“You’re going to be fine, Rayven. Just go to sleep.”
The heart I’d forgotten I had was breaking. It didn’t seem to matter that I had the power to bring her back to life once she took her final breath. It was fucking agony, seeing her in pain. I was so jaded to death, but with her, it felt terrifying and new.
“And then you’ll revive me.” Her paper-thin words wavered and split with fear. “R–right?”
“That’s right, treasure,” I assured her with a soothing purr, my hand rubbing one cheek while keeping her other pressed to my chest. “I told you I’m never letting you go. Not even in death.Especiallynot in death.”
I knew she was terrified—death was new for her—but she’d learn not to fear it. I would teach her how to be its master.
I plucked the dagger out of her chest as gently as I could. The flames in my eye sockets all but sputtered out when a cry of pain left her lips.
This human had completely fucked me, because how could a god of death need anything so terribly that he couldn’t live without? I fucking needed her more than I needed anything.
As evil a monster as it made me, I’d snuff out every life on Earth if that was what it took to breathe life back into my human.
Through the thin puncture in her chest cavity, I could see straight down to the pulsing muscle keeping her alive for the moment. The blade had pierced its strong wall, and it was gradually beating slower as a stream of blood poured from the wound.
Every pump had more crimson lifeblood trickling down her chest.
Gathering her in my arms, I pulled her higher to cradle her against my chest, rocking her like she was a child. All the while, I whispered that I would never leave her, that she’d never be free of me. That once I brought her heart back to life, everything would be fine.

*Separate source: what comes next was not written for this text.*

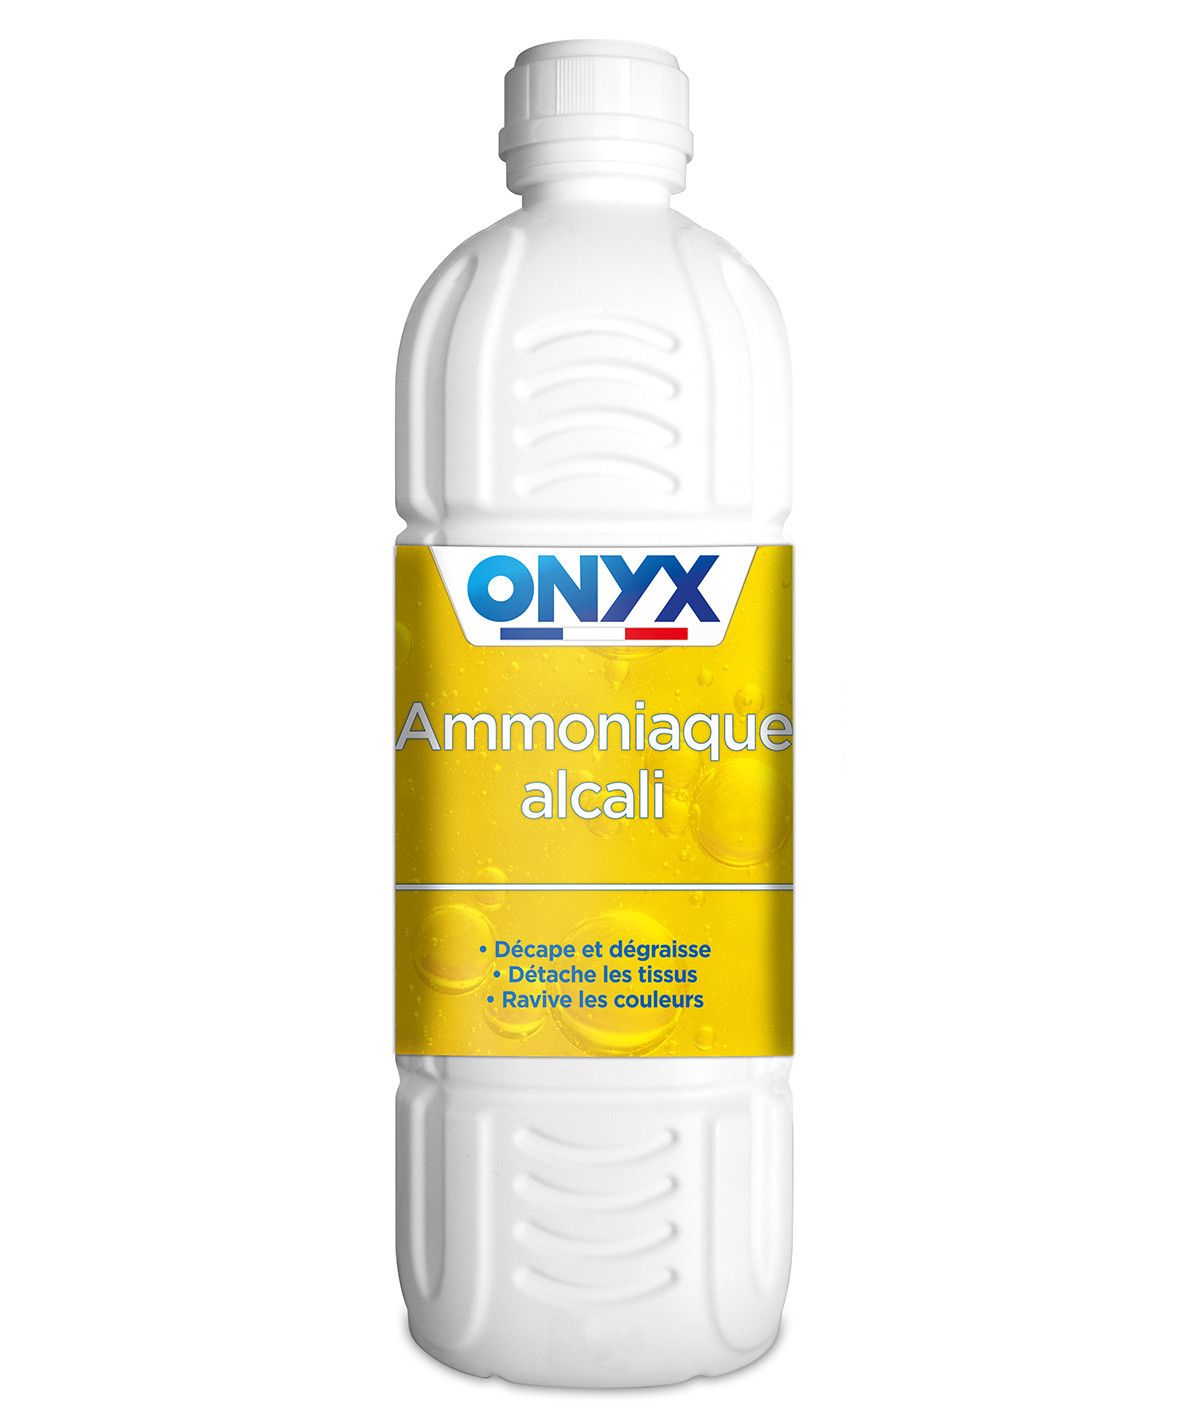 Ammoniaque pour décaper, dégraisser et détacher : Onyx (1 L)

“I’ll be the last thing you see when you close your eyes and the first thing when you open them again,” I assured her, the promise carrying all the weight of a demonic oath.
“You’re mine, Rayven. Never forget that.”

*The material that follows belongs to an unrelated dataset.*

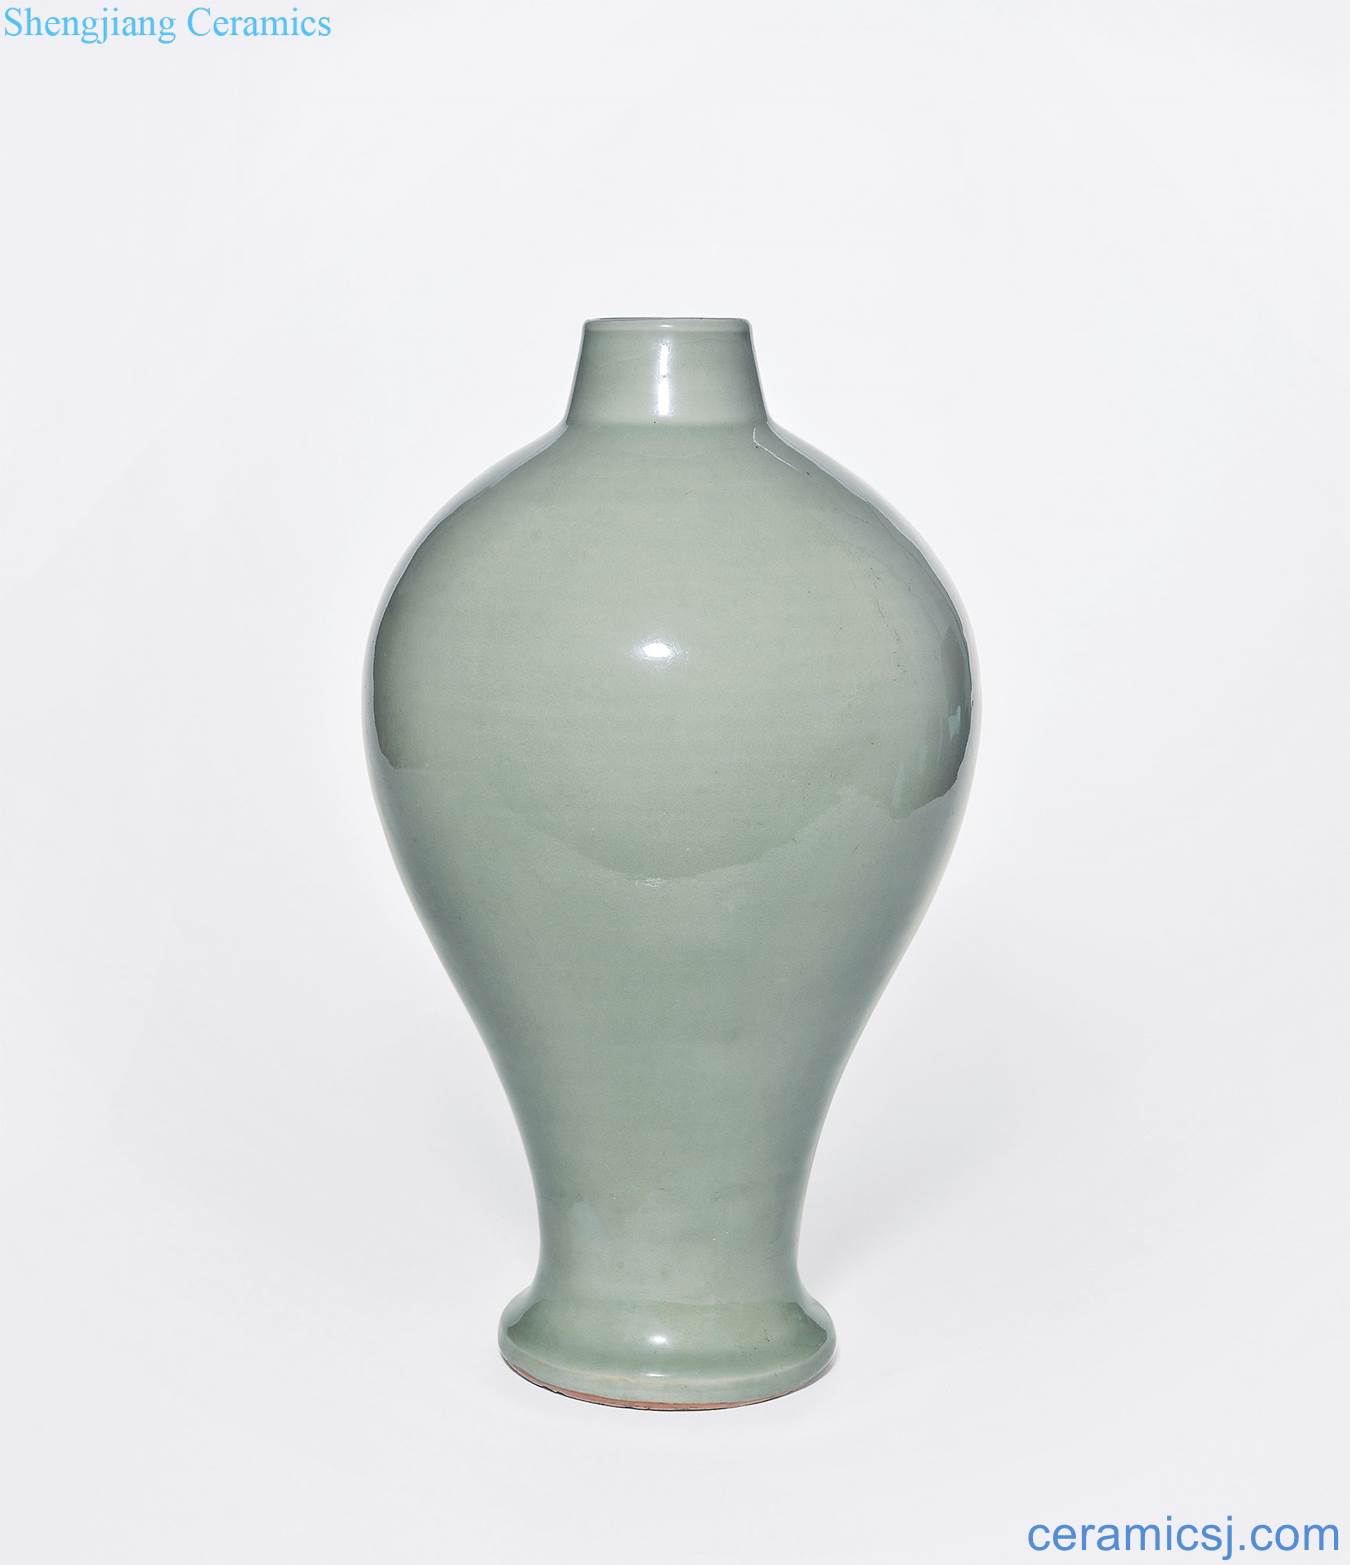 Early Ming dynasty Longquan celadon glaze plum bottle

A lazy smile curved her lips. “You won’t let me go?”
“Never. Not so long as the River Styx flows and the Hells run deep.”
Normally, I didn’t have a kind bone in my body, but I tried my best to comfort her in her final moments.
I knew I was going to be completely fucked for this human the moment I’d dragged her into Limbo, and I couldn’t bring myself to regret it.
I’d likely be forever cold and cruel to the rest of the world. To hell with humans. But this one? This one, I’d worship with every breath I’d take from here until the world fell down.
“Close your eyes, Rayven,” I said, talking her through the slow crawl of her last moments.
“You’re being so…sweet to me. I didn’t know the Lord of Bones could do that.” She breathed in, then out, the smallest little sigh that let me know she was finally comfortable in my arms.
There was that twist of guilt jabbing at my ribs again. I’d let her down. I’d tortured her. I’d terrorized her. I’d taken pleasure in watching her fight me, no matter how high the odds stacked against her.
Her spirit was indomitable, and fuck me, if I hadn’t fallen horns over heels in love with that part of her, with all of her.
Even in death, she was brave.
Her fingers trailed to the gaping wound that exposed her still palpitating heart, its thrum growing weaker as more blood streamed from the hole. “Do you see it?”
Her words were barely intelligible, and I had to lower my skull to her mouth. “Do you see my heart?”
I swallowed and nodded, even though she couldn’t see me with her eyes now shut. “I see it, Rayven, and it’s fucking beautiful. Worth every second I’ve obsessed over its beat, teased it just to hear its flutter.”
“Belial. Don’t leave me.”
“I’ll never leave you again, grave treasure. This I swear.”
Her chest rose and fell one last time, her head going limp in the crook of my arm as her heart ceased to beat. I watched the throbbing muscle go still in her chest.
The agonizing silence that followed tore an anguished roar from my throat.